As crummy as my day started off yesterday and gradually got better after weighing myself leave it to my husband to put me back in the crummy state of mind I started off with. Why? Only because I was excited to tell him that I lost weight. Did he express happiness, encouragement, anything? NOPE!!!! It sucks to have a partner for 20+ fuckin years and not once can he be the main person in your life be happy for you. Its draining. Little by little not only is the fat going away, but my spirit is just dying. I have a man who is so fuckin machismo, a fuckin man who supports and provides for his family BUT cant manage to make me happy and be supportative. He shot my dream down as a teen when I wanted to be a hairdresser what would or could possibly make him change as an adult man?! I should've went on my merry way and become the slut rather than listen to my mother whom said "you'll never find a good man like him". And yes, Im the stupid ass who stays with him because like him, Im so used to him and make any excuse under the sun for him and his fuckin rotten behavior and attitude.

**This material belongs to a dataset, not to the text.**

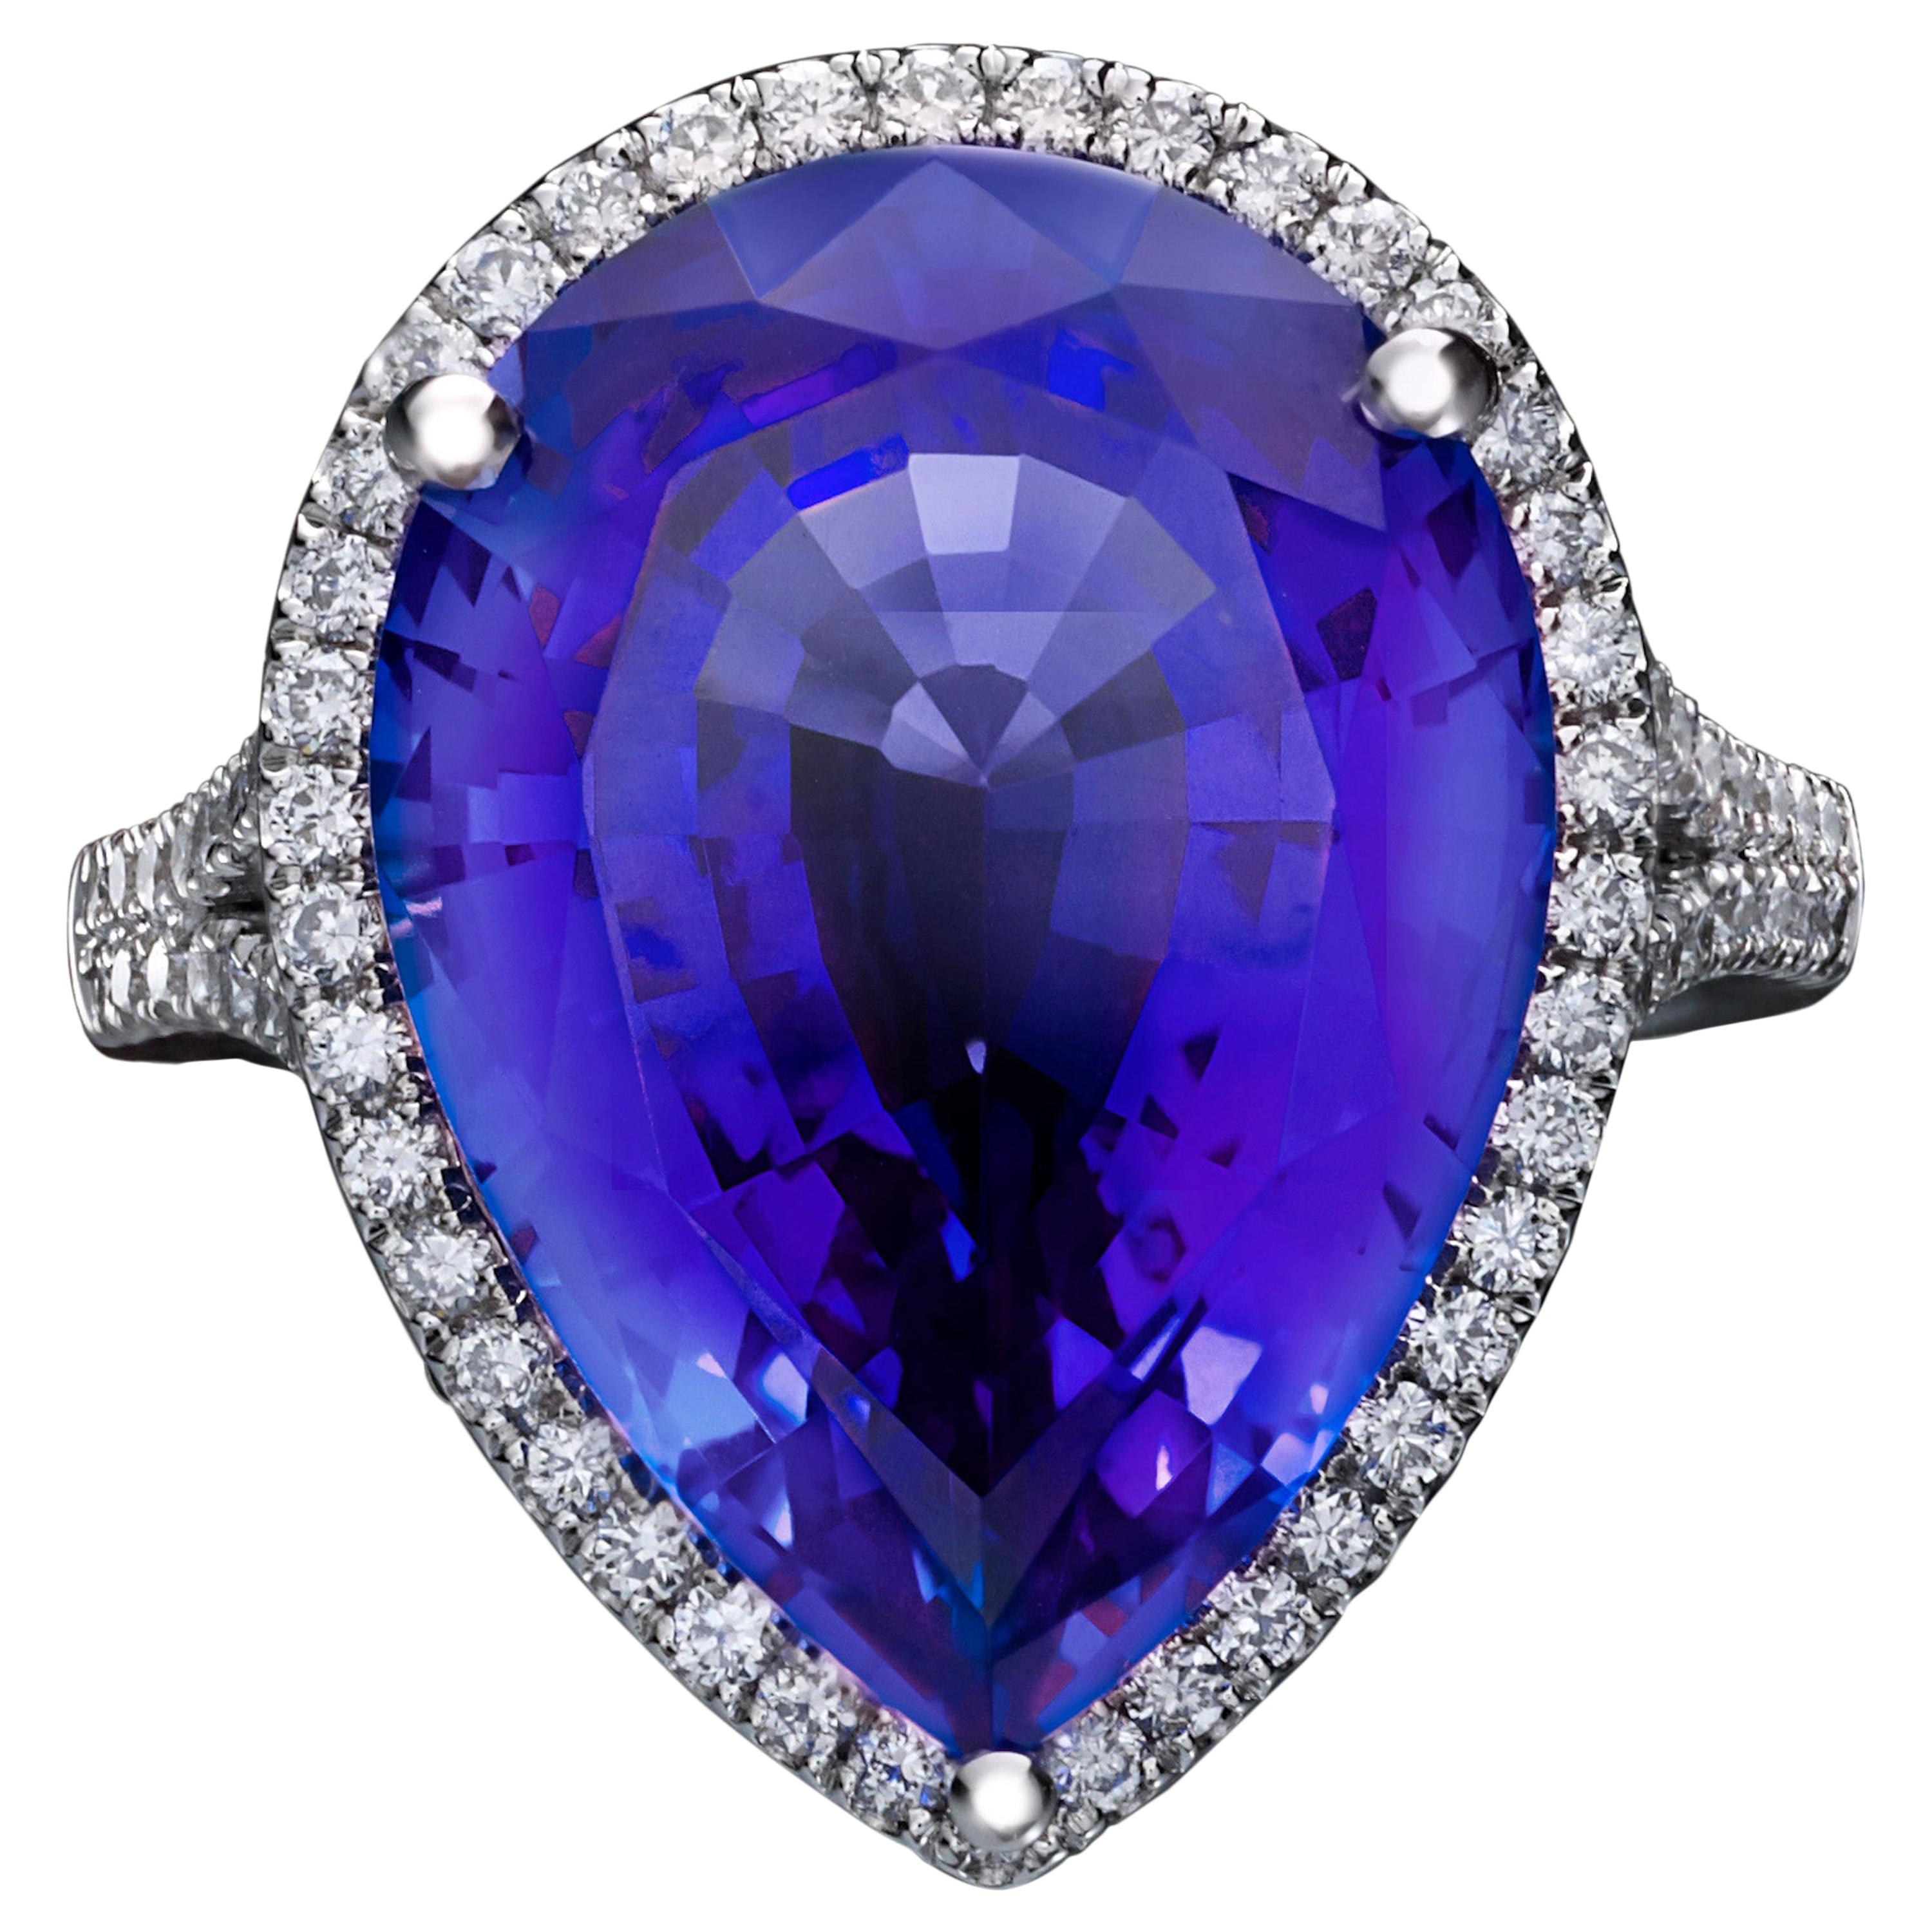 Marcel Salloum Rare Blue 10 Ct Pear Tanzanite Diamond Engagement Ring Platinum For Sale

I hate talking about my kids, I hate talking about my marriage, and I hate talking about anything that pertains to me only because there is NEVER nothing positive. If there is some inkling of positivity, happiness, joy, etc that just gets shot down within a couple of hours! Why would I want to discuss this shit with anyone and bring them down. I dont need sympathy. Its like a black fuckin cloud that follows me everywhere I turn. Pig pen was even happier than I ever will. Why is it that when I try to do for others, try to make them smile, anything, they shit on me? Why is it they say "good things come to those who wait" yet Im still waiting for a brighter fuckin day? Is there a fine print somewhere that states only kind-hearted souls apply to that rule and fuck the rest of the miserable people? My fuckin kids are so self-absorbed, I could be dying of an incurable illness and they'd be the one's to bitch if they had to attend my fuckin wake on their busy schedule. I have a fuckin older daughter that tells me I suck as a mom and I have a shitty way of raising my twins. She tells me I was never there for her but she seems to forget the times I bailed her fuckin ass out of jail, prevented a jaggoff of a boy from beating her down like a dog, carted her ass here and there and attended every fucking sport she was in. BUT I SUCK AS A MOM! I should've had an abortion on all accounts so then GOD could only judge me! Not only does God judge me but now I have my very own judges here on earth. I've a fuckin twin who says she hates the fuckin house and me when things dont go her way because I want whats best for her and another twin who fuckin plucks her eyelashes out when shes stressed. BUT im a fuckin bad mom. Funny how I notice these small things in these ungrateful fuckin kids! I cant wait til they have their fuckin kids cuz at this rate that they are going, thats all they're gonna be good at, fucking and popping out fuckin bastards by every tom,dick,and harry. Then I cant wait till they show me what "a mom really looks like".
Work, I cant even take a fuckin vacation (every fuckin friday til December) because it may "interfere" with my co-workers. GOD FUCKIN FORBID I take a fuckin friday off only because I thought a whole week would inconvienence someone! Then they wonder why I dont go to their staff parties, holiday parties and any other kiss-ss parties they make.
Ugh, I guess that's my thought of the day. Smile and act as if nothing is bothering me. I'm pretty good at it, been doing it all my fuckin life!